* What this task involves
Every line in the listing below from the one with "Cool Coloring Pages" through the one with "Graduate Teaching Assistant" is to be reproduced exactly, both ends included; leave out the rest.

===== Dataset

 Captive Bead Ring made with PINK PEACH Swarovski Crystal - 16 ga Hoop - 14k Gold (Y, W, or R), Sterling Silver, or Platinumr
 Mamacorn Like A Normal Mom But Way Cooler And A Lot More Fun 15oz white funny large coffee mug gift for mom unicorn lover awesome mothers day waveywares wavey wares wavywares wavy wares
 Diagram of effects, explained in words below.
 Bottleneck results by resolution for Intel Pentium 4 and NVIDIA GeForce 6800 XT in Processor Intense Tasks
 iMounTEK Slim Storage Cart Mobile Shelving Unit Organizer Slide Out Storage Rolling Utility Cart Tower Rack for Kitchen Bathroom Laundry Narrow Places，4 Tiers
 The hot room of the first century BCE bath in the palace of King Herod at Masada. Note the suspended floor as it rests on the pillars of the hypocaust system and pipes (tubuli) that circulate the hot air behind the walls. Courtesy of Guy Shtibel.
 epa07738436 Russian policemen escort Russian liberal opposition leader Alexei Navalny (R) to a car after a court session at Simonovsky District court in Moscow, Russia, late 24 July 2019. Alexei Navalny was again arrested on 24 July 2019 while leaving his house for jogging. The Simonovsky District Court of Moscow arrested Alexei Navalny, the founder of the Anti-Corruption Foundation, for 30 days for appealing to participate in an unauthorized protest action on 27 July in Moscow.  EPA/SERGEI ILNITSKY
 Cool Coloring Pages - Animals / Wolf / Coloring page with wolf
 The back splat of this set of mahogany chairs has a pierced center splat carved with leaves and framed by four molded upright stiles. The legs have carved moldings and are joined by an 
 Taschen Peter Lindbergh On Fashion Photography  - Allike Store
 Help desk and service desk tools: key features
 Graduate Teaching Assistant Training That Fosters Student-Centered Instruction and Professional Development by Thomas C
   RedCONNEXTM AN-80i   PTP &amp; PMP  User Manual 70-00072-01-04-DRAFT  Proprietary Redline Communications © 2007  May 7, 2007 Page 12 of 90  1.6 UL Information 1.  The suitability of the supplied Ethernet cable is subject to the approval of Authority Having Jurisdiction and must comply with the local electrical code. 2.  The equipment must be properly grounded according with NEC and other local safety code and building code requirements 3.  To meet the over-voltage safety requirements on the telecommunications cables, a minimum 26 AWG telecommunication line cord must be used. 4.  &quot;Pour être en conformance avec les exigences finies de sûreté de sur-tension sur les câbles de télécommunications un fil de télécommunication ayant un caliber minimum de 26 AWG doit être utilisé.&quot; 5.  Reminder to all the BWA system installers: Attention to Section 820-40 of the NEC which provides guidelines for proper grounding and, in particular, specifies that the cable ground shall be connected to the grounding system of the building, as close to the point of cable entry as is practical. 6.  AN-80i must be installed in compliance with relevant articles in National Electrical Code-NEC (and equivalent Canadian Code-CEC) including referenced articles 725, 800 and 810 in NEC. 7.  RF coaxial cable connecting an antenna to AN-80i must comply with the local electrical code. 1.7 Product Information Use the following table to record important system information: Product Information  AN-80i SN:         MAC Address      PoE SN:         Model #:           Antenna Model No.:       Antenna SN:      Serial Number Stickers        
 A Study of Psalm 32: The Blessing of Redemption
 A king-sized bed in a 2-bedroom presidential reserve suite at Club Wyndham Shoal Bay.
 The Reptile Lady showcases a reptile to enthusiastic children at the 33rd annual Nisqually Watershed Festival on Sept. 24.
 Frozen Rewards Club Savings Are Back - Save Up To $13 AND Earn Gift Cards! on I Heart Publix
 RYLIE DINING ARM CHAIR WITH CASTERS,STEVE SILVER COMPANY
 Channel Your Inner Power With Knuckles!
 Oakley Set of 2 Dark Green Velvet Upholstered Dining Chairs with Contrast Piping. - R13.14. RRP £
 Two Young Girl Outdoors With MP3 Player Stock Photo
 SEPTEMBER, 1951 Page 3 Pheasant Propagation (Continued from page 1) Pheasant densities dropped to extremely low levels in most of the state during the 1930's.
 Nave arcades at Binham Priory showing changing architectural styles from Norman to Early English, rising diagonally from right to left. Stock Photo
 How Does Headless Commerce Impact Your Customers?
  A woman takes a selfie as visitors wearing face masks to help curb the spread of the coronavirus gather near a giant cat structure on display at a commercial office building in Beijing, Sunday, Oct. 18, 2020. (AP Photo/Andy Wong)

==========

* Result of the task
 Cool Coloring Pages - Animals / Wolf / Coloring page with wolf
 The back splat of this set of mahogany chairs has a pierced center splat carved with leaves and framed by four molded upright stiles. The legs have carved moldings and are joined by an 
 Taschen Peter Lindbergh On Fashion Photography  - Allike Store
 Help desk and service desk tools: key features
 Graduate Teaching Assistant Training That Fosters Student-Centered Instruction and Professional Development by Thomas C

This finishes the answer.